I love really detailed and informative introductions, which I found in Count Magnus and Other Ghost Stories, the first of two volumes of collected ghost stories by M.R. James. You'll have to excuse me if I seem to be borrowing heavily from what I read, but it was all fascinating and very new to me. M.R. (Montague Rhodes) James led an interesting life. A lifelong bachelor, he was not only a distinguished scholar of medieval manuscripts and early Christianity, but he was a professor and administrator at Cambridge University and Eton College, and he also managed to write ghost stories in his spare time. It's his ghost stories that he is known for today. He was a busy man, and I loved this description,
"How exactly James found the time for all this work, let alone the writing of ghost stories, was a puzzle to friends and colleagues alike, especially when one considers James's other interests--his devotion to Dickens, P.G. Wodehouse, and Conan Doyle's Sherlock Holmes stories; his interest in card games and crossword puzzles; and of course, the abundant conviviality he showed to friends, students, and almost any others who came within his horizon."
He also traveled widely, which served him well in his writings. In 1892 he took his first bicycle tour of the Continent, and later he took at least one trip a year to France where he studied Medieval cathedrals, visiting nearly all those there were to see.
James would often read drafts of his stories to friends and collegians, usually at Christmastime. Although his earliest couple of stories had been published in magazines, he probably wouldn't have considered publishing them in book format had not a friend wanted to do the illustrations for them. It seems as if James's work can be seen as a bridge between Gothic novelists of the 18th and 19th centuries to a more modern tradition of ghost stories. Writers of Gothic novels liked to set their tales firmly in the Medieval period, but James wrote about more contemporary subjects. James used an "antiquarian background" (or as the editor describes it--he wanted to create a "patina of verisimilitude"--I love the way that sounds) in his tales. His stories usually are set in a small village or seaside town, or an abbey or university, involve a gentleman scholar (no doubt his stories were somewhat autobiographical) and there is usually a discovery of an antique book or artifact that is in some way supernatural or menacing.
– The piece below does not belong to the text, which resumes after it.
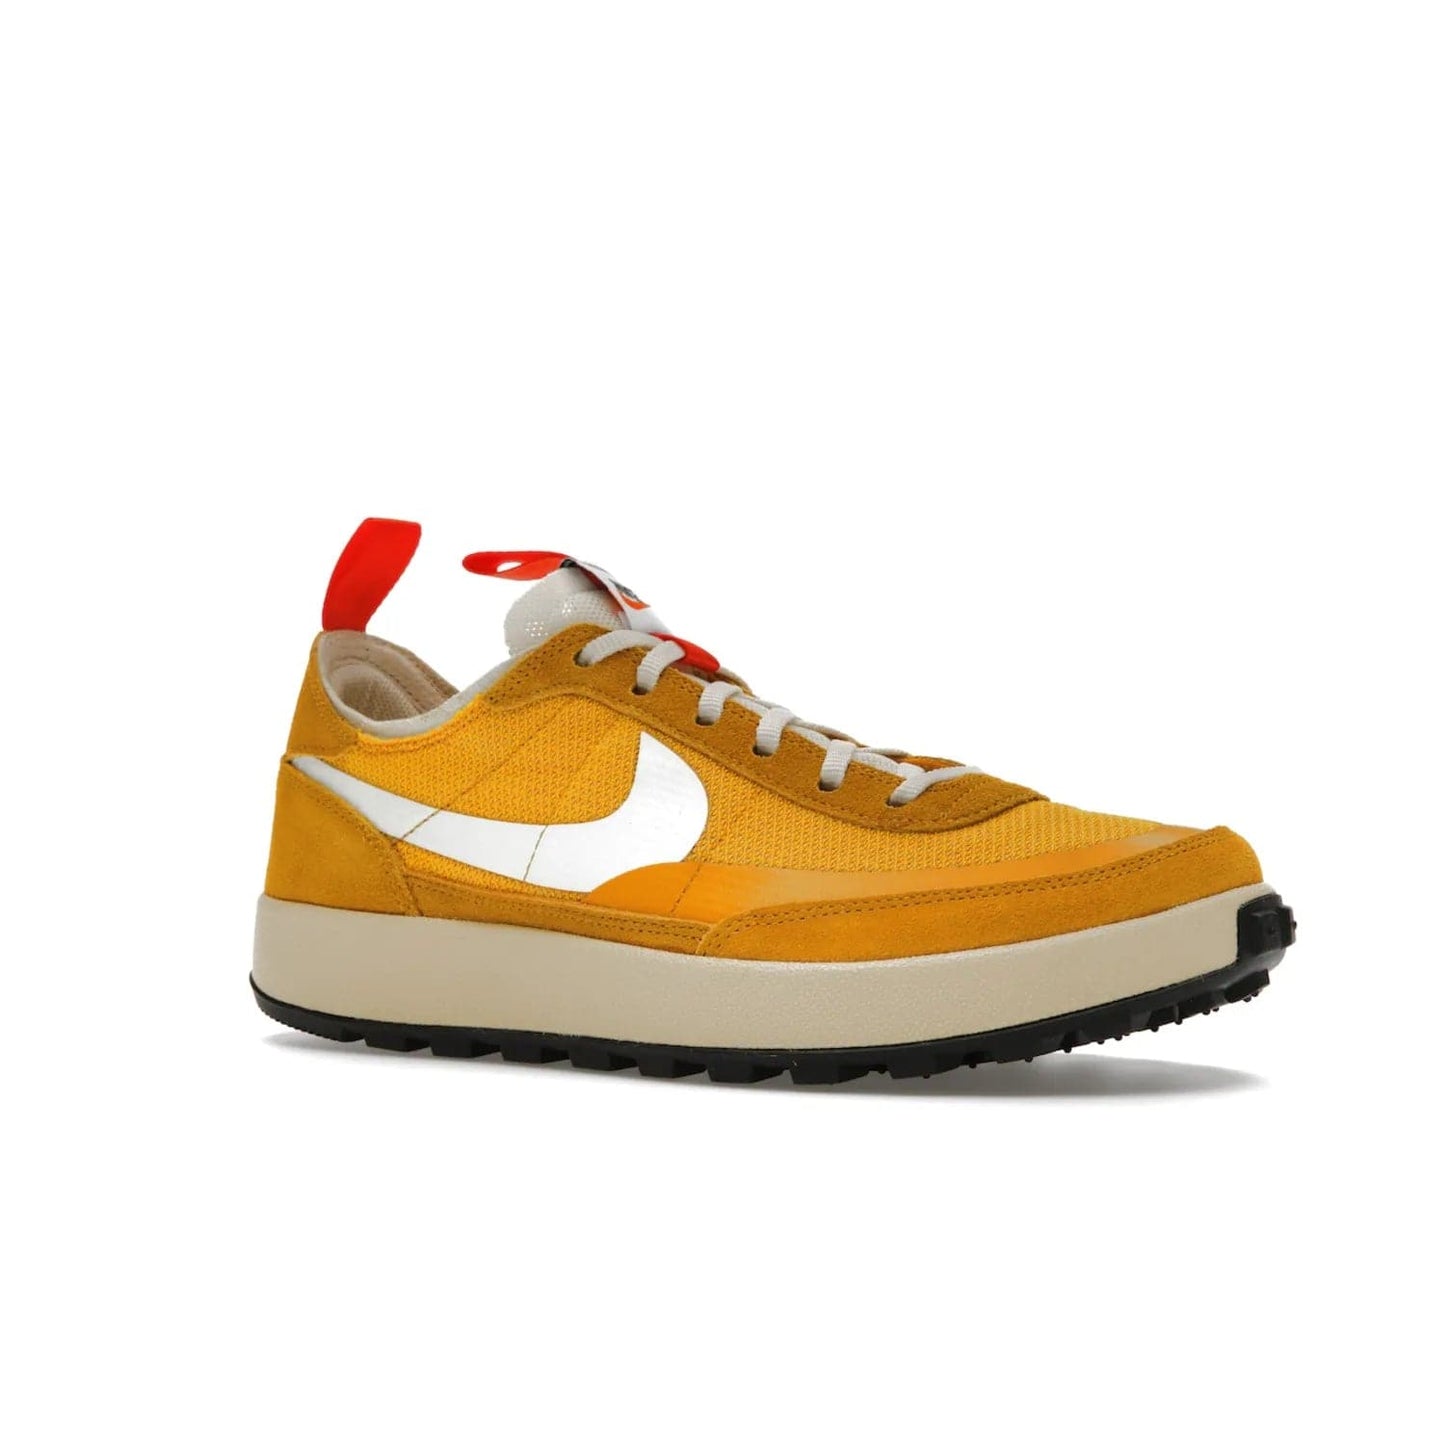 NikeCraft General Purpose Shoe Tom Sachs Archive Dark Sulfur - Image 4 - Only at www.BallersClubKickz.com - Collab between Nike & Tom Sachs. The NikeCraft General Purpose Shoe features dark sulfur mesh upper, suede overlays, contrasting white Swoosh and orange tabs. EVA cushioning & black waffle-traction rubber outsole ensures performance. Stylish & perfect for any occasion, the shoe released September 2, 2022.

All interesting stuff and I didn't even touch on everything I read about him. But what about the story? I read "Canon Aleric's Scrap-Book", which was one of James's earliest stories. He uses his own travels in this story. The real French town of St. Bertrand de Comminges was the setting for this tale of the supernatural. An unnamed narrator shares with us what happened to Dennistoun while he was researching and photographing a local abbey. There is the usual church with it's chilly interior, strange muffled sounds and voices, even laughter. But it's an antiquated book, a real find for the protagonist, that will bring upon him strange and unusual occurrences when he buys it. It has the strangest illustrations inside. Like an earlier story I read by James this year, it wasn't particularly hair raising, but it was creepily atmospheric. I've now got two volumes of James's work, and while I'm not going to attempt to read it all by the end of the year, I do hope to revisit it as I like what I've read.